== Extracted records ==
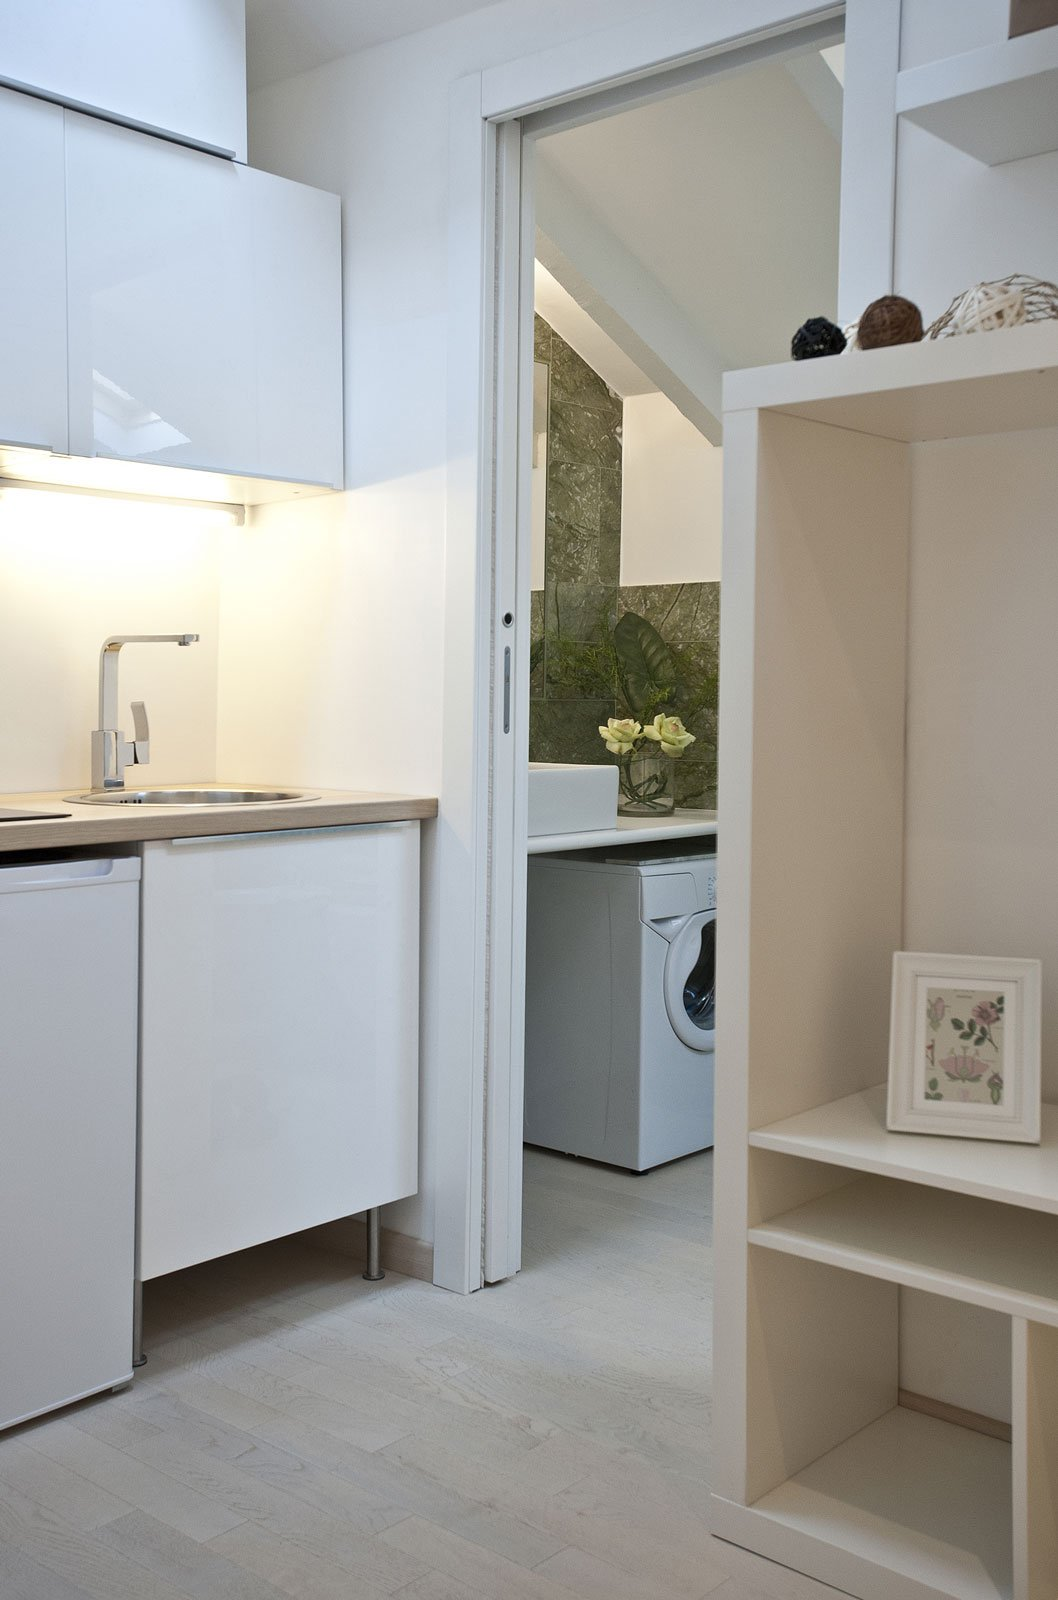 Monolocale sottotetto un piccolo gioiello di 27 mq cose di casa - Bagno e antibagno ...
---
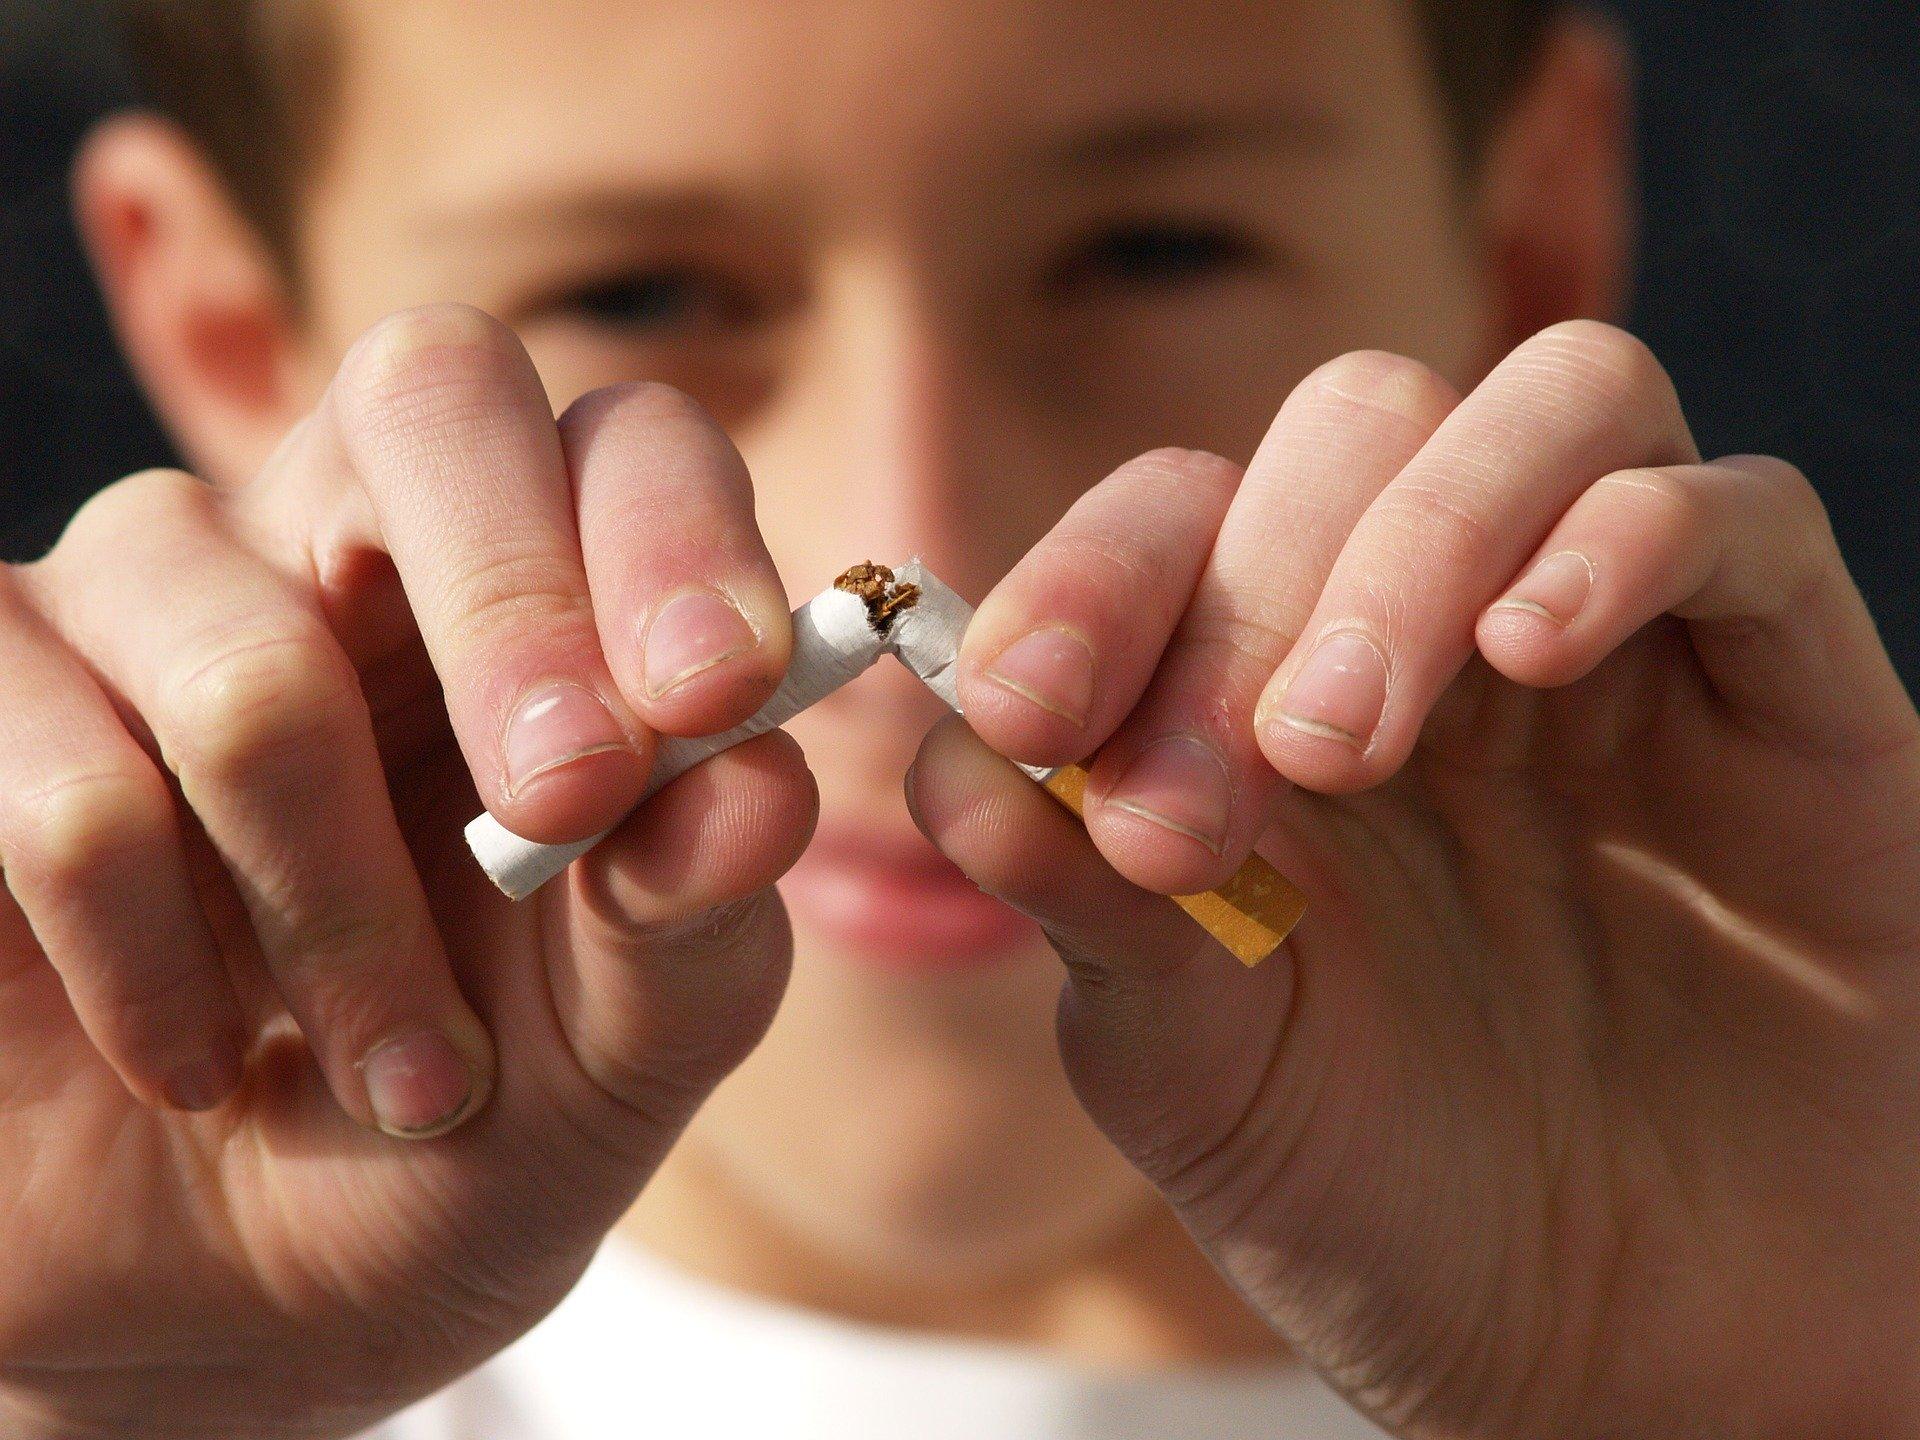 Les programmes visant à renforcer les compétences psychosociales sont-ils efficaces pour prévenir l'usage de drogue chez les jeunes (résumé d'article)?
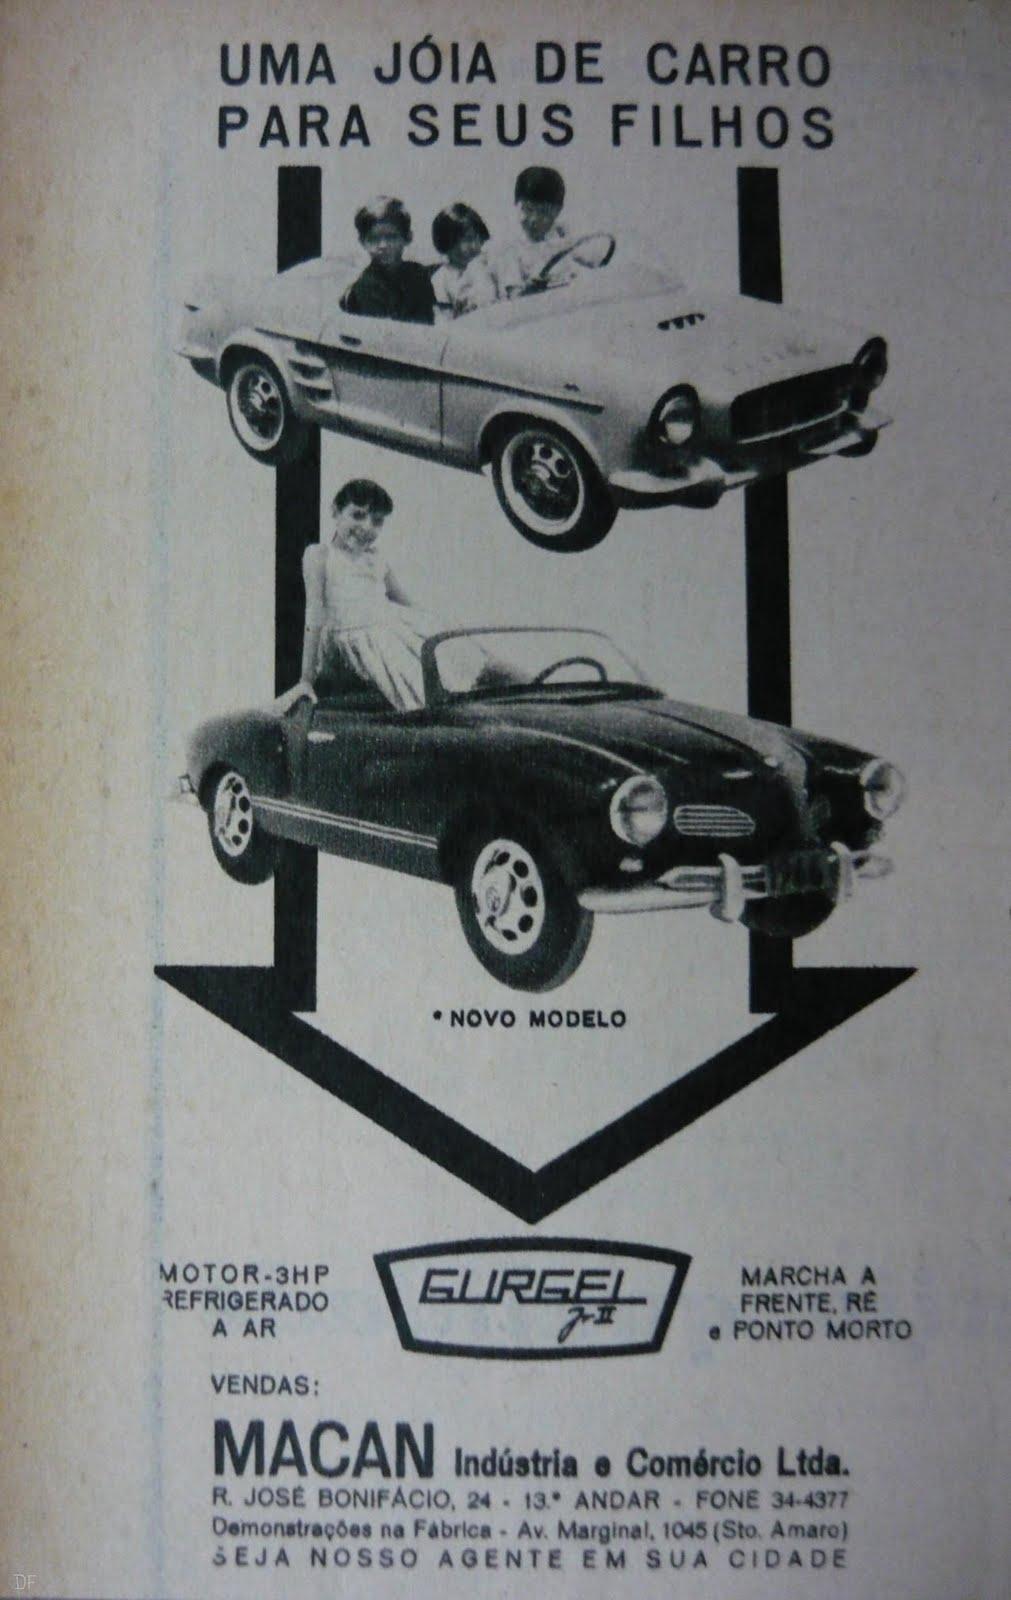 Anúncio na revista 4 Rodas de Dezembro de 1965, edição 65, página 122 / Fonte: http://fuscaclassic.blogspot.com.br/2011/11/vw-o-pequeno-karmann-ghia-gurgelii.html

== Exercise objective ==
Give back exactly the lines above from the one with "Les programmes visant" through the one with "Anúncio na revista", both included. Pictures don't belong in the copy.

== Solution to the problem ==
 Les programmes visant à renforcer les compétences psychosociales sont-ils efficaces pour prévenir l'usage de drogue chez les jeunes (résumé d'article)?
 Anúncio na revista 4 Rodas de Dezembro de 1965, edição 65, página 122 / Fonte: http://fuscaclassic.blogspot.com.br/2011/11/vw-o-pequeno-karmann-ghia-gurgelii.html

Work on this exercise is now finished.